Bursa Asia Sudah Cetak Kerugian Saham Selama 3 Hari Berturut

430
indeks shanghai

(Vibiznews – Index) – Kerugian kembali mendatangi perdagangan saham bursa kawasan Asia hari Rabu (23/01) setelah perdagangan 2 hari berturut sebelumnya juga alami penjualan saham cukup banyak. Akibatnya indeks bursa utama Asia masuk zona merah dalam 3 hari berturut pekan ini, oleh sentimen kekhawatiran perang dagang AS-China.

Investor khawatir perkembangan negosiasi perdagangan AS-China terkini, dimana ada pemberitaan bahwa Gedung Putih telah membatalkan pertemuan perencanaan perdagangan dengan Beijing minggu ini. Sehingga pelaku pasar banyak menjual saham dan memburu aset safe haven.

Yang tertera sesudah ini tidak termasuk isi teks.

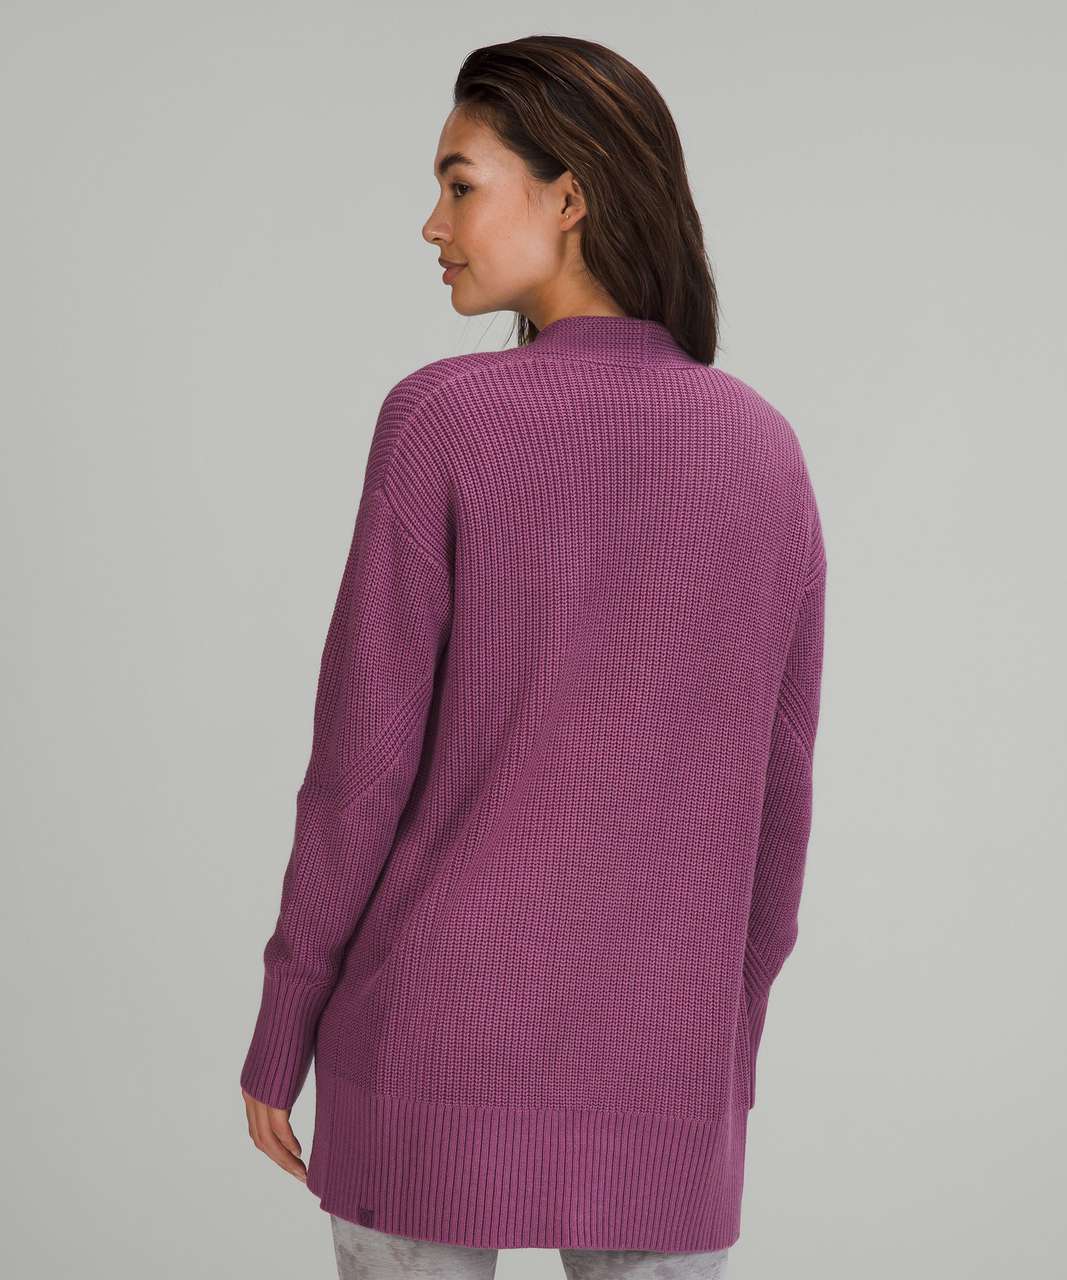 Lululemon Cashlu Sweater Wrap - Vintage Plum

Di bursa saham Jepang, indeks Nikkei 225  tergelincir 0,42 persen sementara indeks Topix turun 0,54 persen pada awal perdagangan. Namun sejak awal perdagangan terdapat saham yang melaju kencang hinga naik 10 persen yaitu saham pemasok Apple Japan Display yang diberitakan mendapatkan bailout setelah penjualan iPhone XR yang mengecewakan.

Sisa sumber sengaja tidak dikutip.